昨日帰郷。出掛けはなんだかばたばたした。特急の車中では『シンプル・マーケティング』を読む。いろいろ参考になることが多いが、なんというかマーケティングというのは消費者心理というある種の暗くて広い闇の海を手探りで航海して行くようなものなのだなと思う。いろいろな理論はそれなりに説得力はあるが、だからといって演繹的な意味での科学ではない。人の心に関することは物質世界に関すること以上に仮説と経験則だけで成り立っているようなものだ。心理学とか認知科学とかが根本的に信用しきれないものであるのはそういうところから来ているのだけど、経済学というのも結局は行動心理学のようなもので、実態としての動きも巨大な精神世界や無意識的な欲望に支配されているわけだから経済学というのもある種の科学を装った占い的な部分がどうしても払拭は仕切れない。だいたい貨幣というもの自体が本当の意味では実体がないものなのだと思うし、そういうバーチャルにバーチャルな物を重ねたものでものごとが激動的に動いていくというのは面白いといえば面白いが怖いといえば怖い。

マルクス経済学が一斉を風靡し、魅力的に見え、今でも一定の信者を持つのは、そうした経済学の中でも最も現実であるとか物質であるとか手ざわりのある部分に固執したということが大きいのだと思う。現実の貧困であるとかを物理的な法則で説明できた方が、人間的な心理としては納得がいくだろう。バーチャルな仮想的な説明で現実の貧困を説明されてもなんだかやるせない。誰か悪者がいて搾取されてるから、と説明された方が自分が苦しんでる理由が納得できる、という人間の切なさがマルクス経済学や共産主義政党、あるいは左翼勢力を支持して来たのだろう。

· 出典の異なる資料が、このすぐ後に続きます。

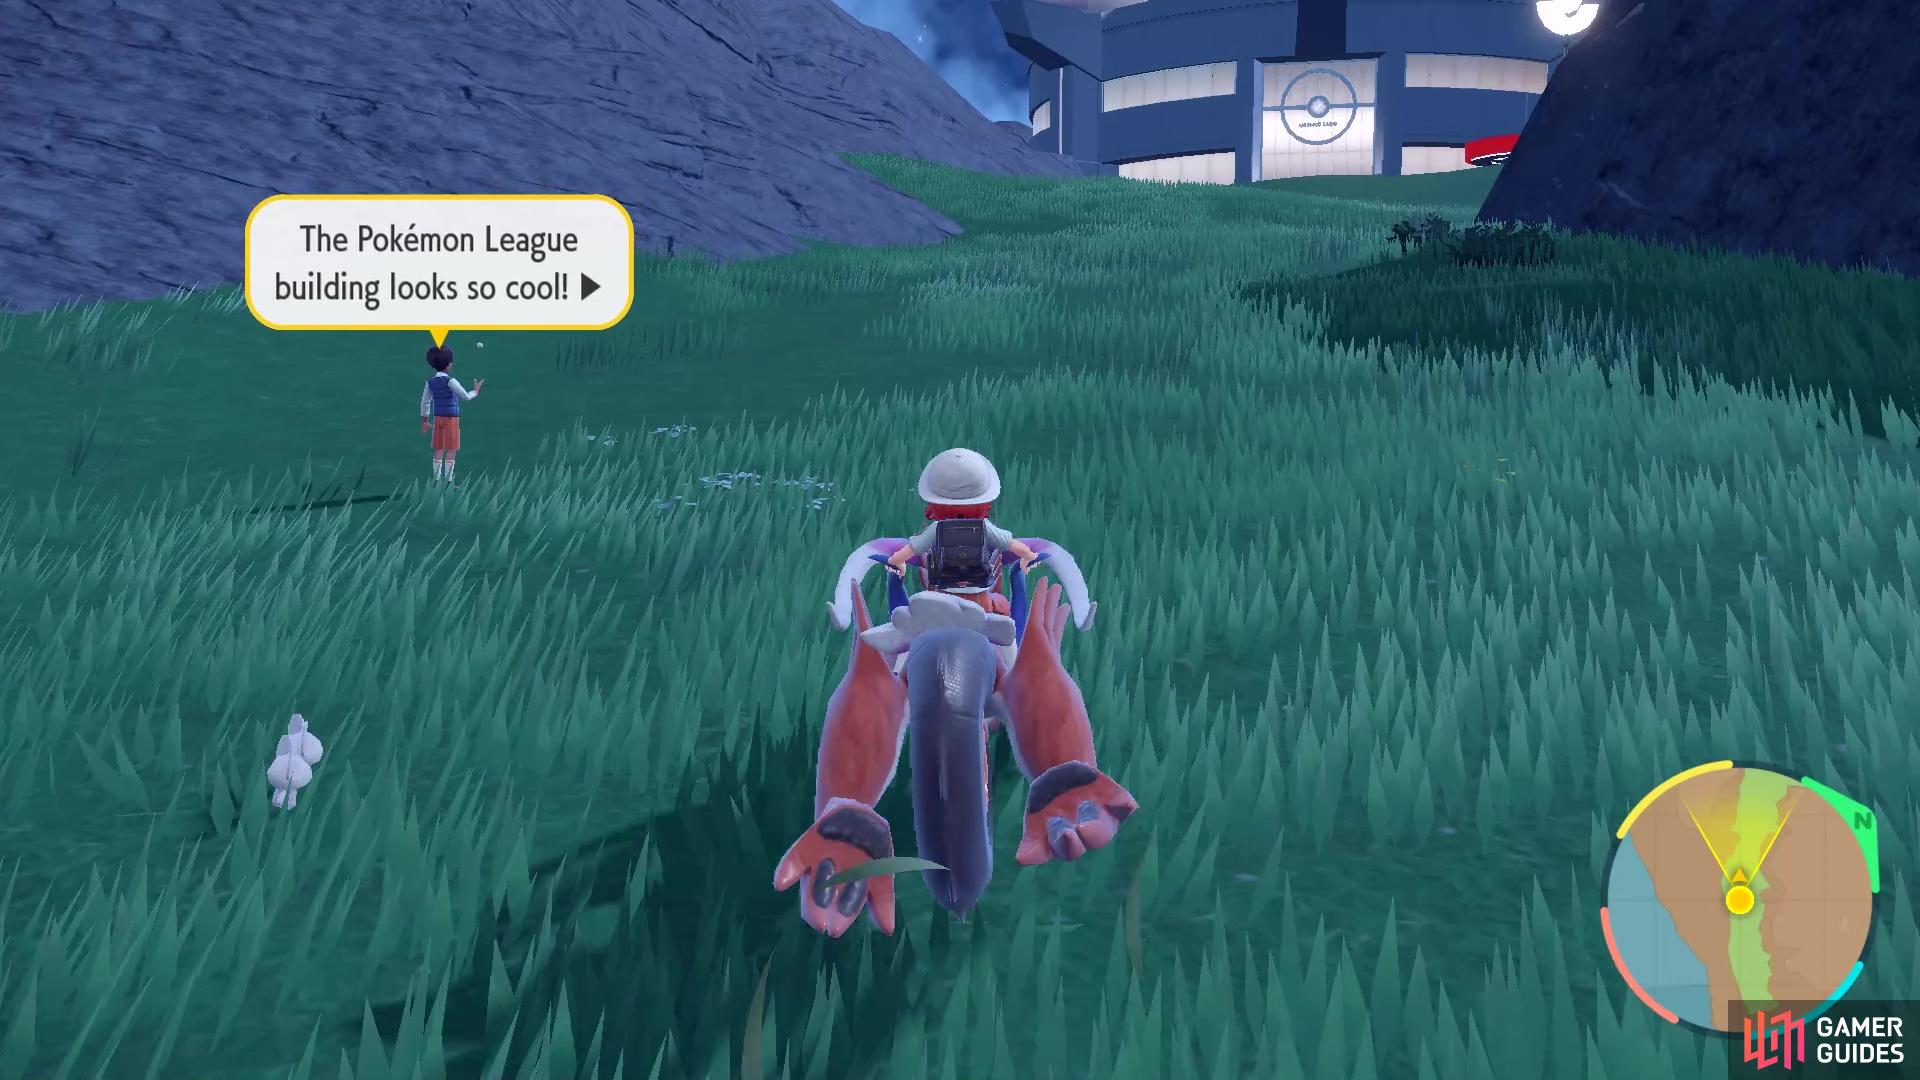 Did you head to the Pokémon League building via your Pokémon mount?

しかしそれが破綻していることが明らかになると、世界はますます仮想的なものになり、養老猛の言い方でいえば「脳化」していく。しかしその脳の機能というものは、何かを思いついたときにどのようにシナプスが動いて電気信号を発生するかとか、完全に説明しきれるものではないし、結局は物理的なものよりバーチャルなもののほうに説明や理解が傾いていくのは仕方がないことのような気がする。世界の現実感のなさのようなものを、マーケティングの本を読みながら感じるというのもどうかと思うが、なんだかそんなことを思った。

しかしまあそうは言ってもへえと思うことは多く、実際にこれは使ってみようと思う概念や理論はたくさんあってマーケティングのことを勉強している人なら一度目を通しておくといいのではないかと思うような本だ。なかなか手に入りにくい本ではあるが、ぜひあるうちにどうぞ。

読んだ本はおもに『シンプルマーケティング』。とても面白くどんどん読む。ずいぶんたくさんメモを取った。三ツ矢サイダーが原料水を6回濾過して水を磨いているという話は初めて知ってへえと思った。花王が一時フロッピディスクのトップメーカーだったことは知っていた(どの時代からPCを使っていたかがわかる)が、それが界面活性技術(つまり石鹸・洗剤)の応用だとは知らなかった。

マーケティングの失敗例としてサントリーの「燃焼系アミノ式」が取り上げられていたのは意外の念に打たれた。「♪燃焼系、燃焼系、アミノしき〜♪」のセーラー服で前宙をくりかえすあのCM、今までで一番印象に残っているものの一つだ。しかしCMはヒットしたものの、アミノ酸飲料は定着しなかったのだという。へえ〜と思ってネットで調べてみると、ホームページはあった。しかし確かにメッセージはあまりはっきりしないな。運動する必要があるのかないのかがよくわからない。よく読めばわからないことはないのだけど。しかしこれだけのページがまだあるということはサントリーはまだ捲土重来を帰しているということなのだろうか。意外な逆転がありうるのか。

80年代の企業横断のイクシーズというブランドが取り上げられていたのは懐かしい感じがした。まだサイトもあるしここに乗っているデザインシャツなんか私は好きだなと思ったのだが、トップページを見たらこの3月で休止になっていた。なんだか残念だなあ。

こういうものって消費者の側から言うとほんとうたかたのように現れては消えていく感じがしているが、担当者はそれぞれさまざまな努力をしてシェアを勝ち取ったり敗れて撤退して行ったりしているんだなと改めて思う。まあでもそういう世界ってシビアではあるけれども面白いしやりがいもあるんだろうなあと思う。(4.13.)